Bungie’s Marathon extraction shooter is a paradox: players are engaged, but the game is hemorrhaging money. Laura Fryer, a former Xbox executive producer, delivered the blunt assessment that Marathon is successful with its audience but “not yet” a financial success, built at a scale and cost the current market simply isn’t rewarding.

Key Takeaways

  • Marathon launched at $40, requiring 7-15 million copies sold to break even on estimated $200-430 million total costs.
  • Steam peak concurrent players reached 88K, with approximately 624K copies sold in the first week, netting around $17 million after platform fees.
  • ARC Raiders, a competing extraction shooter, peaked at 264K concurrent players on Steam, significantly outpacing Marathon.
  • Bungie laid off 220 employees in July 2024 amid declining morale and Destiny 2 revenue 45% below expectations.
  • Sony’s $3.6 billion Bungie acquisition in 2022 has yet to deliver returns, with a recorded $204 million loss on Destiny 2.

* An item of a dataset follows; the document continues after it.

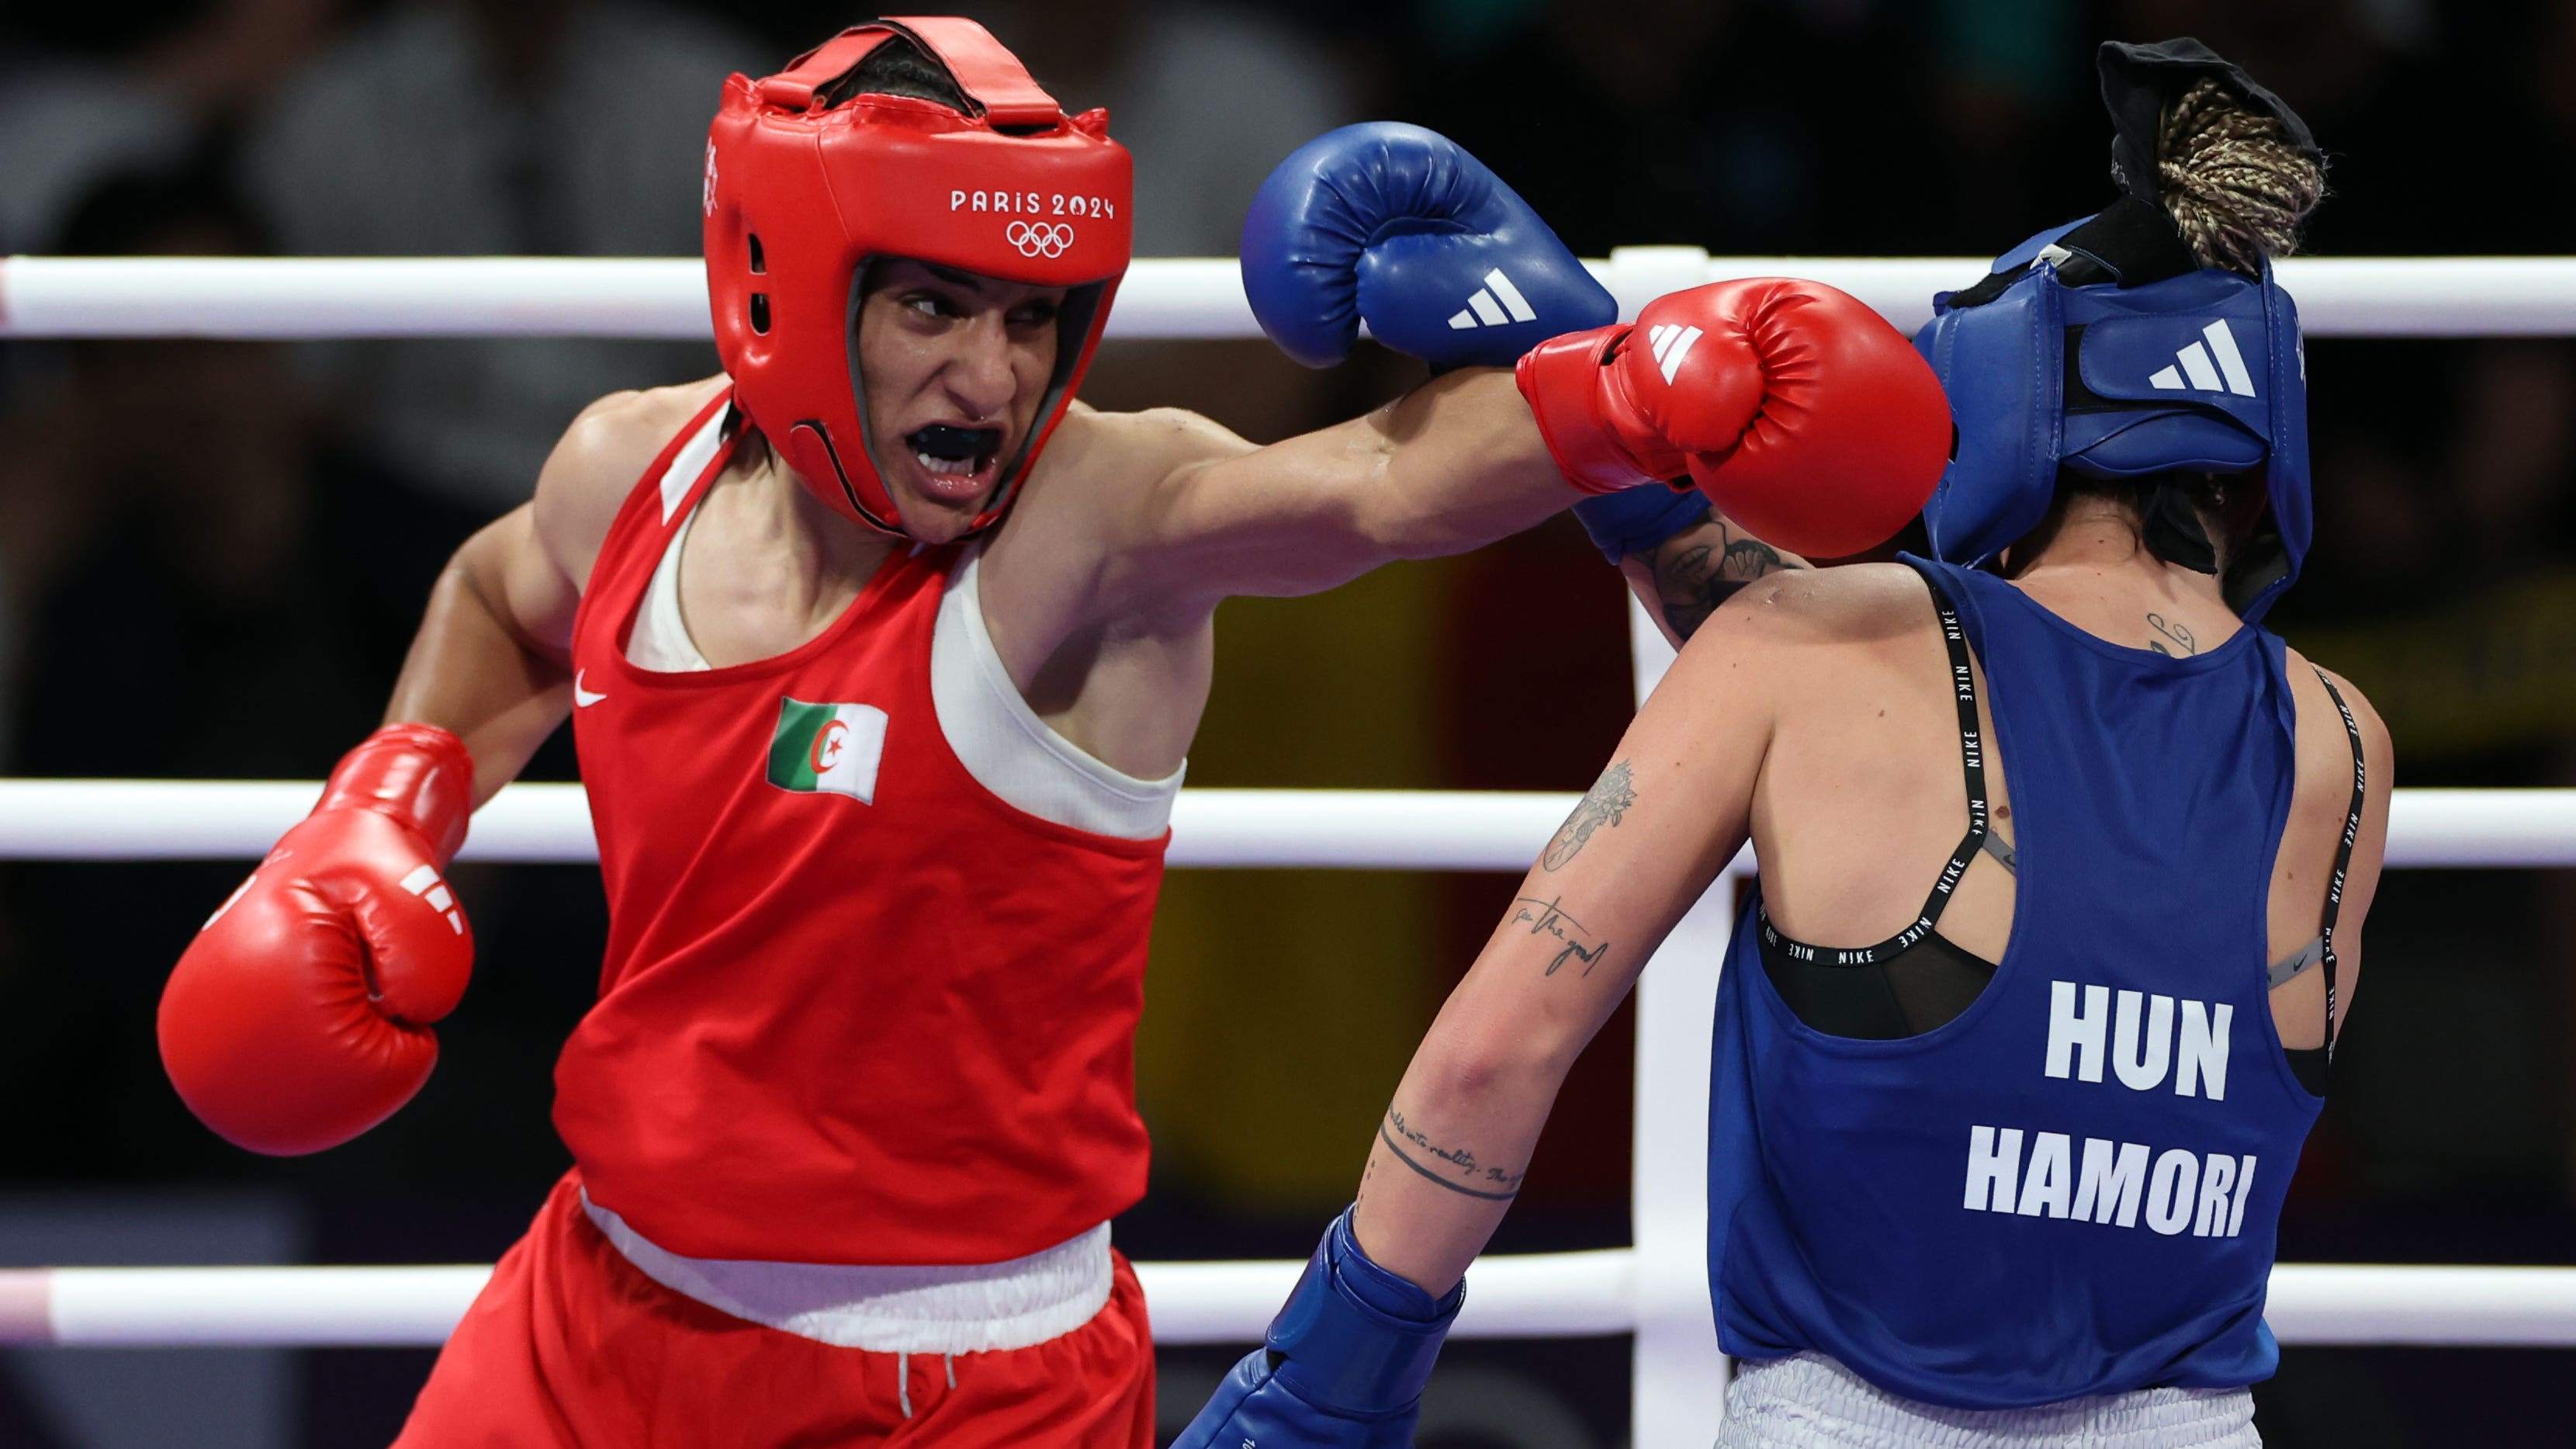 Hungary boxer Anna Luca Hamori ‘proud’ after defeat to Imane Khelif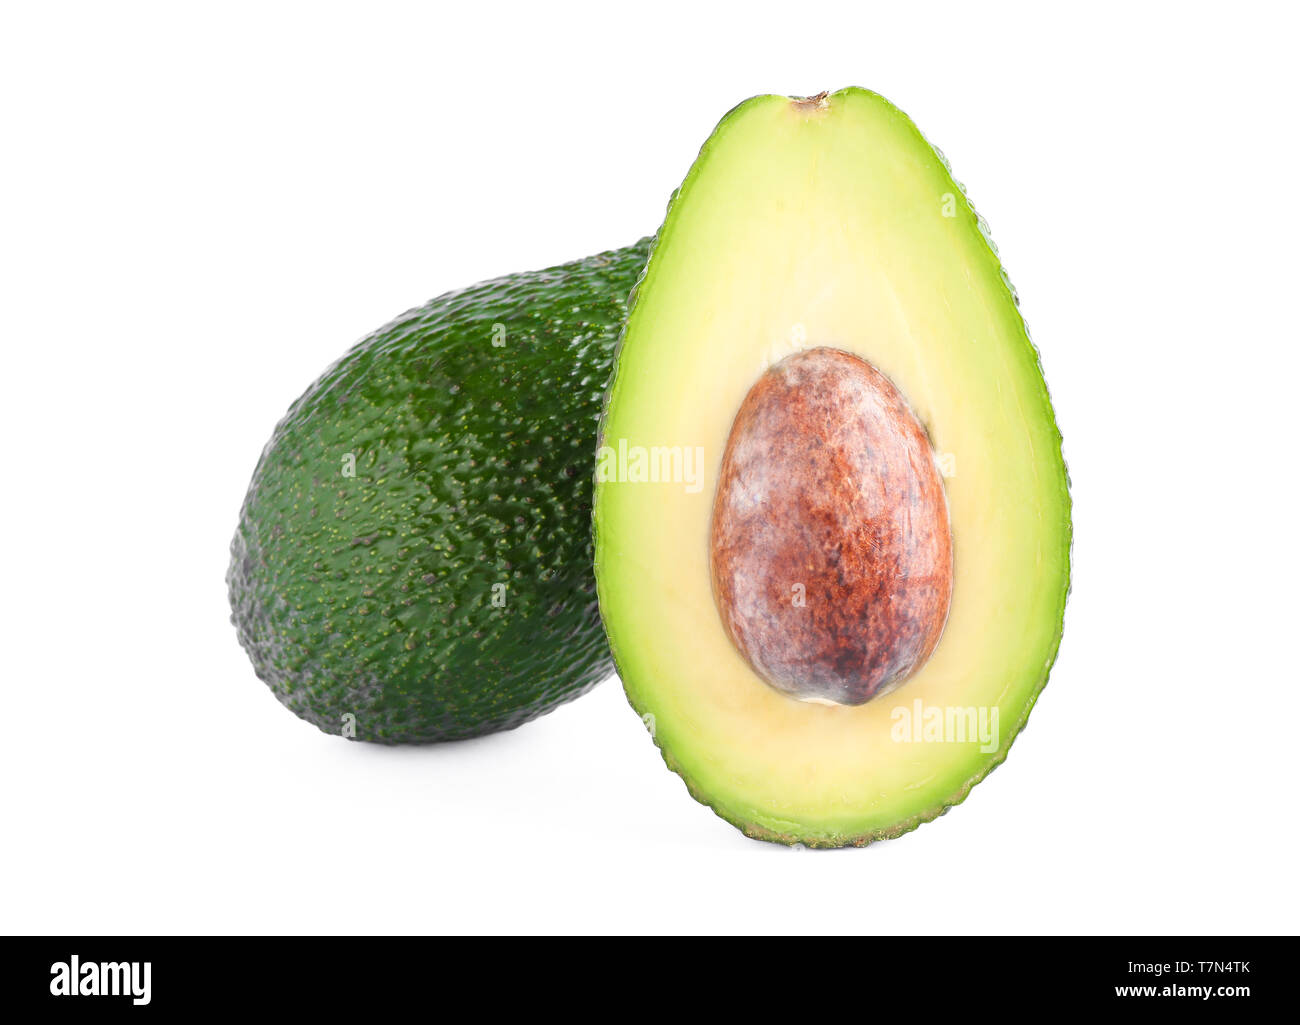 https://c8.alamy.com/comp/T7N4TK/ripe-avocados-isolated-on-white-background-vegetarian-food-T7N4TK.jpg

The Marathon extraction shooter pricing trap

Marathon launched at $40, positioning itself between free-to-play and traditional $70 AAA pricing. After Steam’s 30% platform cut, Bungie nets roughly $28 per copy sold. This math is unforgiving: to break even on estimated development costs of $200-300 million, marketing spend of $50-100 million, and year-one operations of $40-80 million, the game needs between 7 and 15 million copies sold. That is a top-five global seller, a tier most premium multiplayer games never reach. Marathon’s first-week Steam numbers—roughly 624K copies—generated approximately $17 million in revenue, a fraction of what the studio needs.

The $40 price point itself reflects Bungie’s hesitation. Before launch, the studio considered going free-to-play entirely, a choice that would have eliminated upfront revenue but potentially attracted millions more players. Instead, the company chose a middle ground, hoping to capture both casual and committed players. That compromise may prove to be the worst of both worlds. Players accustomed to free extraction shooters see a paywall. Players willing to pay expect the polish and depth of a $70 release. Marathon sits uncomfortably between these expectations.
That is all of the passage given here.